Selasa, 29 Mei 2007

Security Language

Gunnar Peterson's post on the new Common Attack Pattern Enumeration and Classification (CAPEC) project reminded me that MITRE is hosting a ton of these sorts of frameworks. Most of them are listed at measurablesecurity.mitre.org so I intend to refer to that portal from now on. It would be great to see related projects cooperate with MITRE's work. For example, the Web Application Security Consortium "Threat" Classification should be renamed to be an attack classification, consistent with the MITRE CAPEC enumeration. Similarly, it would be nice to see the Open Web Application Security Project Top Ten speak in terms of "attacks" rather than "flaws."
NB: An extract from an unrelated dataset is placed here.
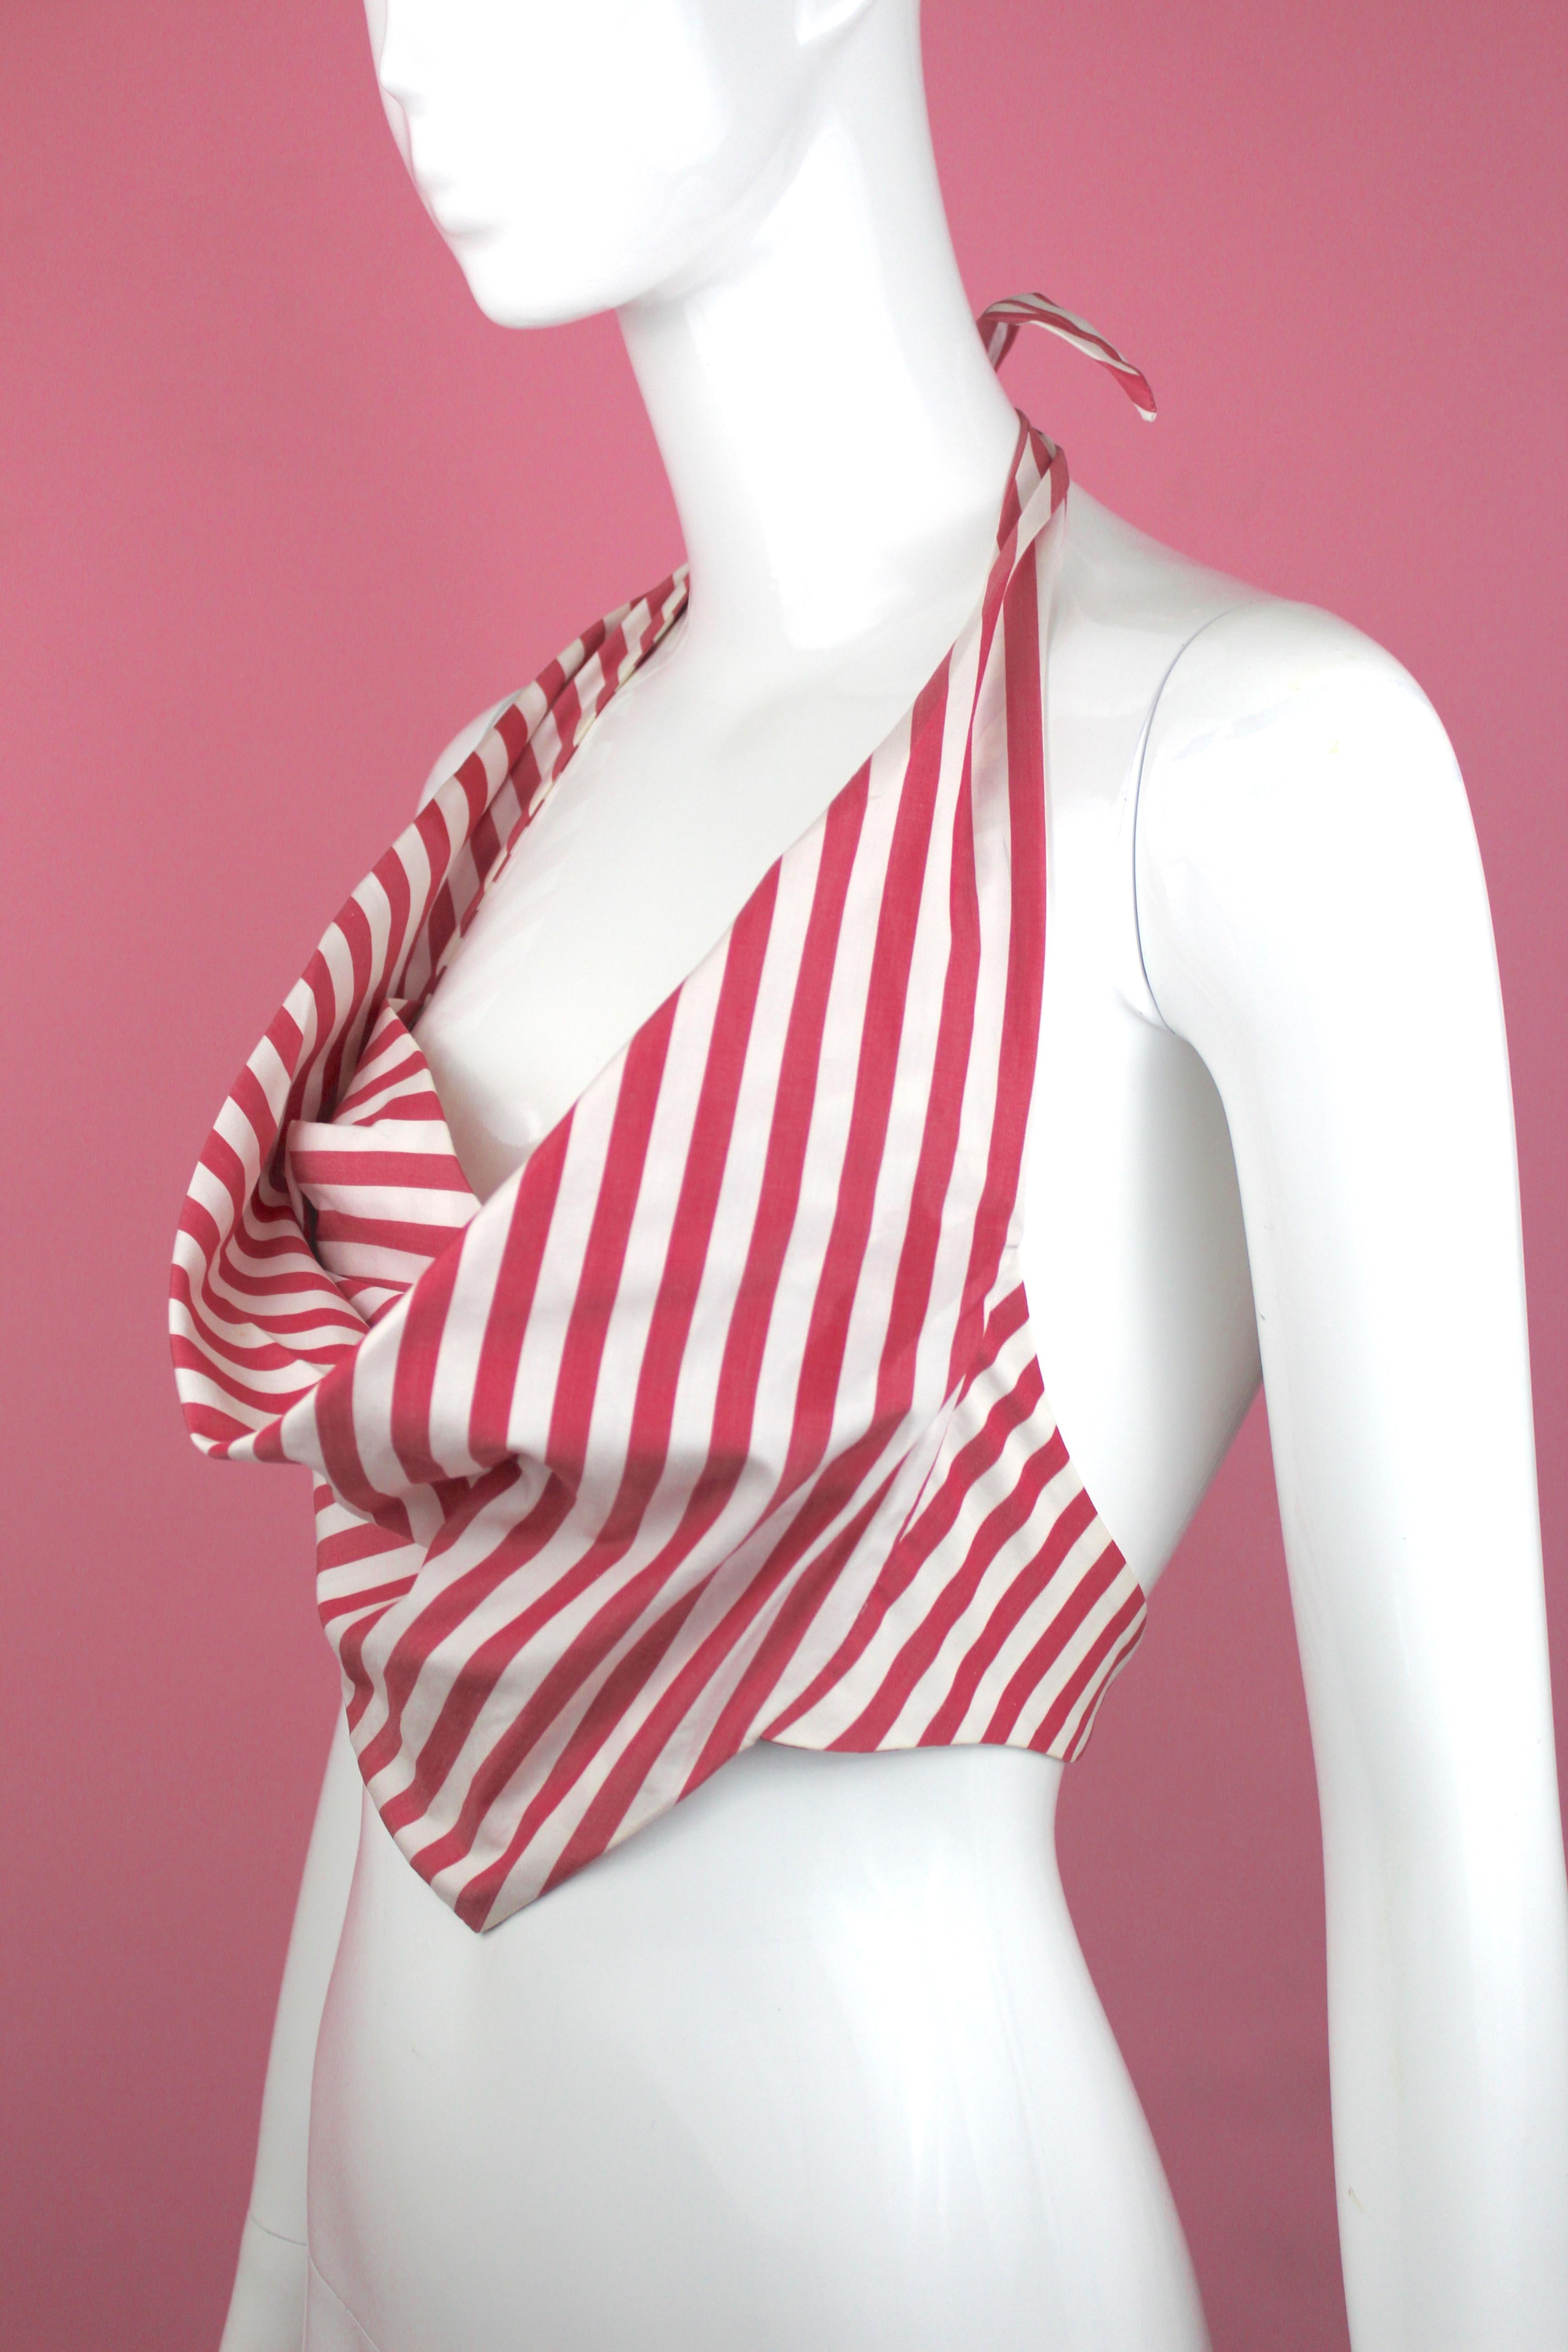 Brown Vivienne Westwood Candy Stripe Halter top, c. 90's, Size 4 US For Sale

Overall I would like to see some rigorous thought applied to the use of security terms. For example, a recent SANS NewsBites said:

We are planning for the 2007 Top20 Internet Security Threats report. If you have any experience with Top20 reports over the past six years, could you tell us whether you think an annual or semi-annual or quarterly summary report is necessary or valuable?

Is this another identity crisis for the SANS Top 20 (as covered in my post Further Thoughts on SANS Top 20) or is someone saying "threat" when they mean "vulnerability," or...?

We need to have our terminology straight or we will continue to talk past each other.